<News Analysis> Positive Profit Alert

  • Net profit to nearly quadruple in FY21, broadly in line with market expectations
  • Strong performance across segments, benefiting from high oil prices and product demand recovery
  • Reiterate BUY; TP HK$4.40
  • Petrochina has outperformed Chinese peers last year; Prefer laggard – CNOOC as oil proxy

Petrochina issued a positive profit alert to guide for a  stellar FY21. Net profit is expected to almost quadruple, rising 374% to 395%, to Rmb 85-95bn, meeting the lower end of market consensus range. This will mark the best annual performance since 2014, which company generated Rmb107bn net profit on the back of c.US$100/bbl oil prices. 

E&P earnings was driven by oil price rebound of ~70% y-o-y to average US$71/bbl in 2021. Refining & Chemicals and Marketing segments also staged strong turnaround from losses in FY20 as demand recovering from COVID hit. In addition, Petrochina continued to optimized operating efficiency and enhance profitability. 

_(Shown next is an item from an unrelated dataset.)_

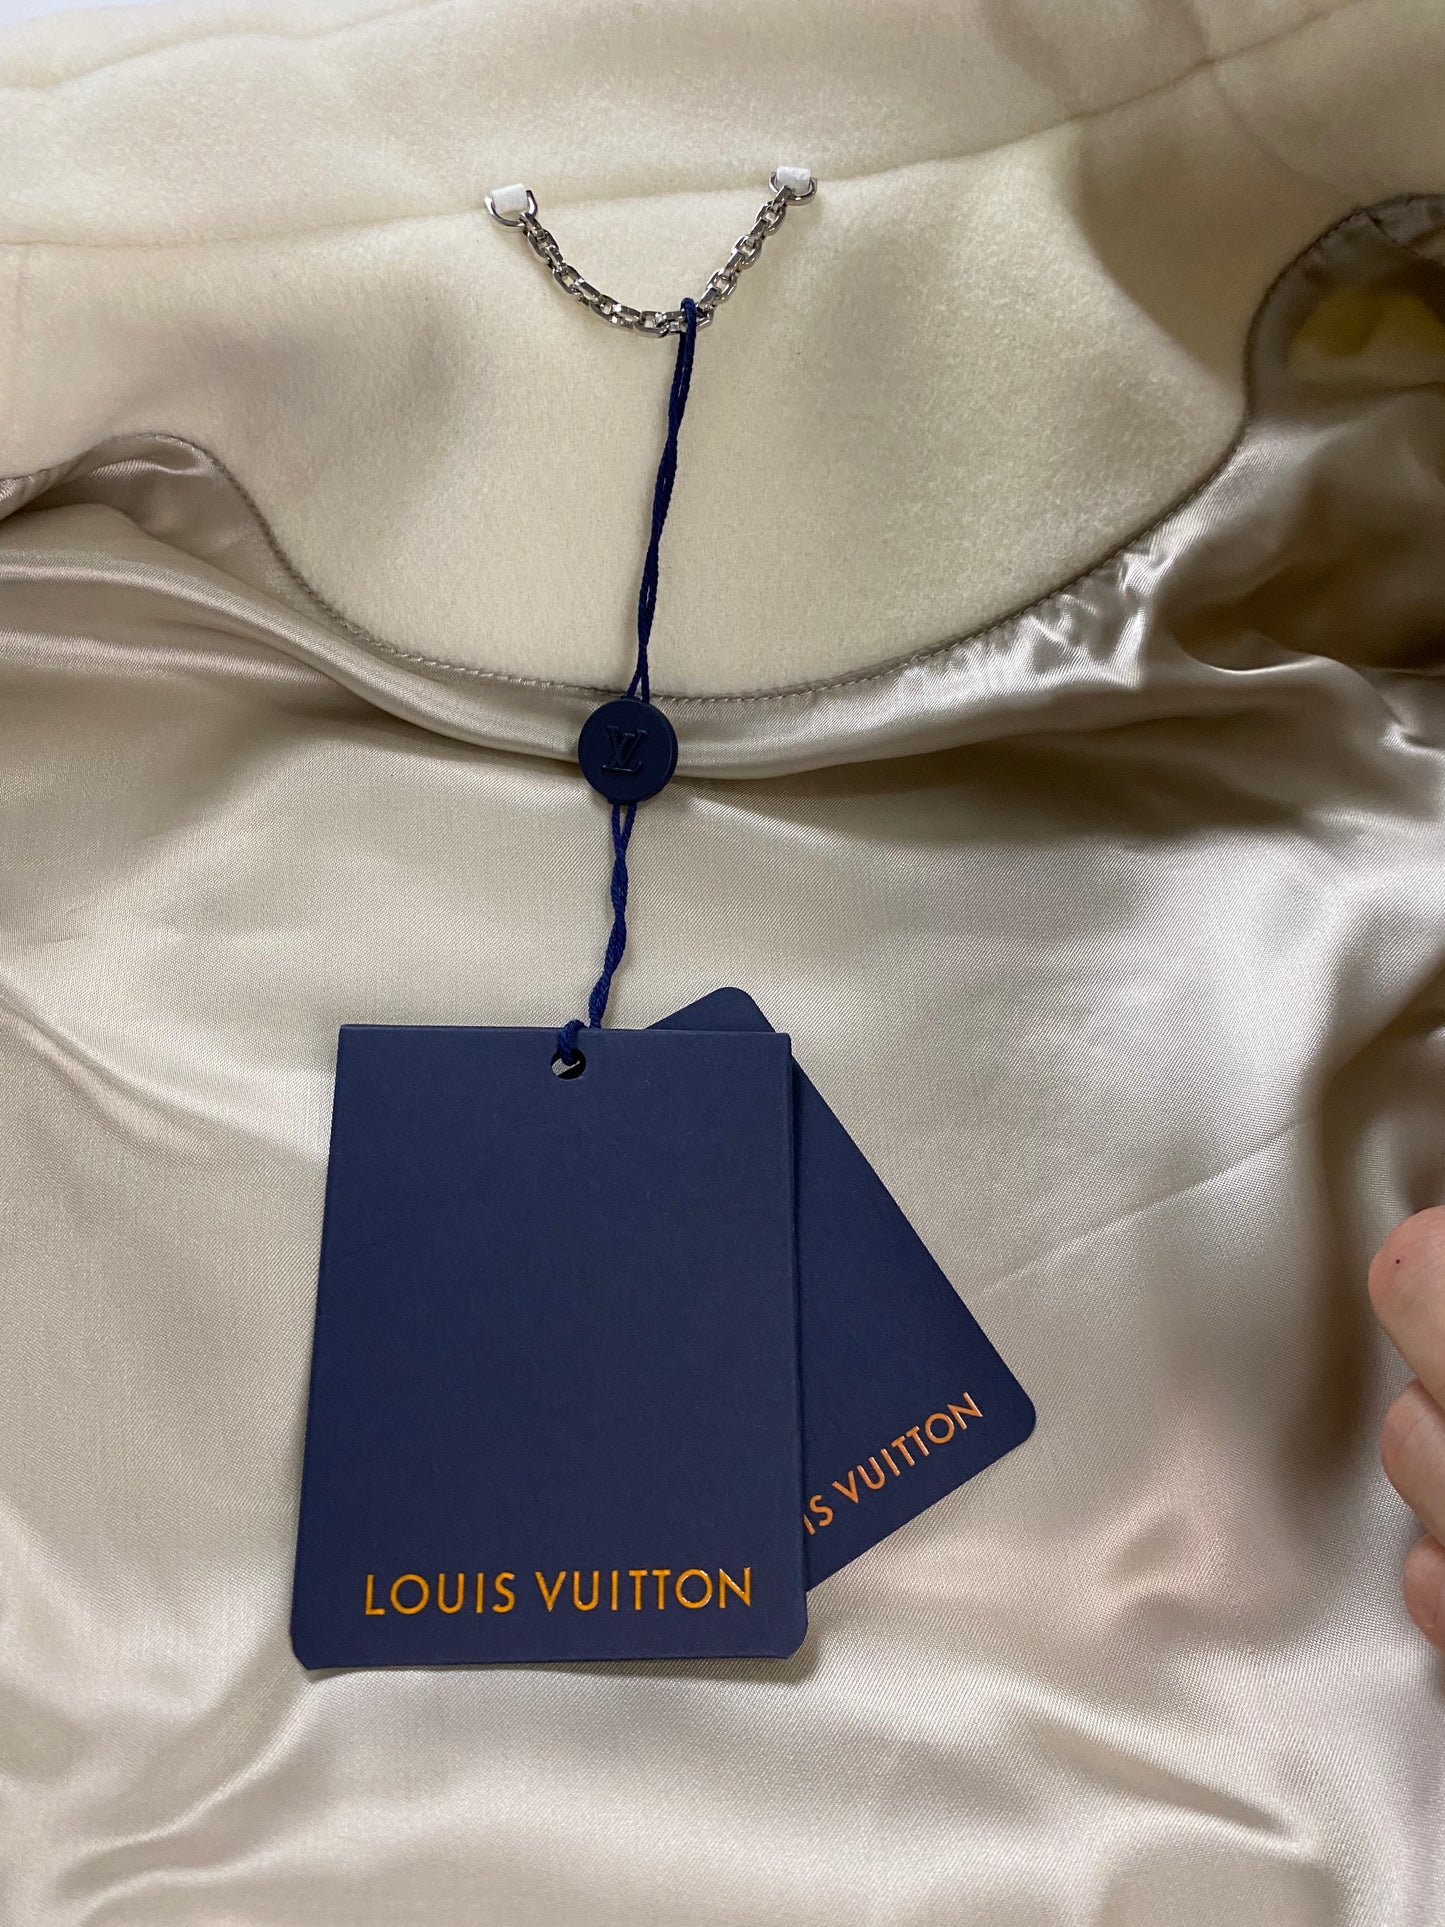 Louis Vuitton LV AW22 Creme white bunny varsity letterman college

Looking into FY22, market expects earnings to dip slightly as Refining & Chemicals profitability moderates from high base in FY21. E&P segment should remain firm as oil prices continue to stay high. We forecast oil prices to average US$75-80/bbl in 2022 and US$85-90/bbl in 2023. 

Petrochina’s share price has risen over 50% last year on higher oil prices and better than expected earnings delivery that boosted confidence. Valuation remains undemanding at 0.5x PB and 7.7x PE against 7% ROE and 6-7% dividend yield. Though, we believe pure upstream proxy CNOOC offers better value at current level, trading attractively at only 0.6x PB and 4x PE despite more superior 15% ROE and 10% dividend yield.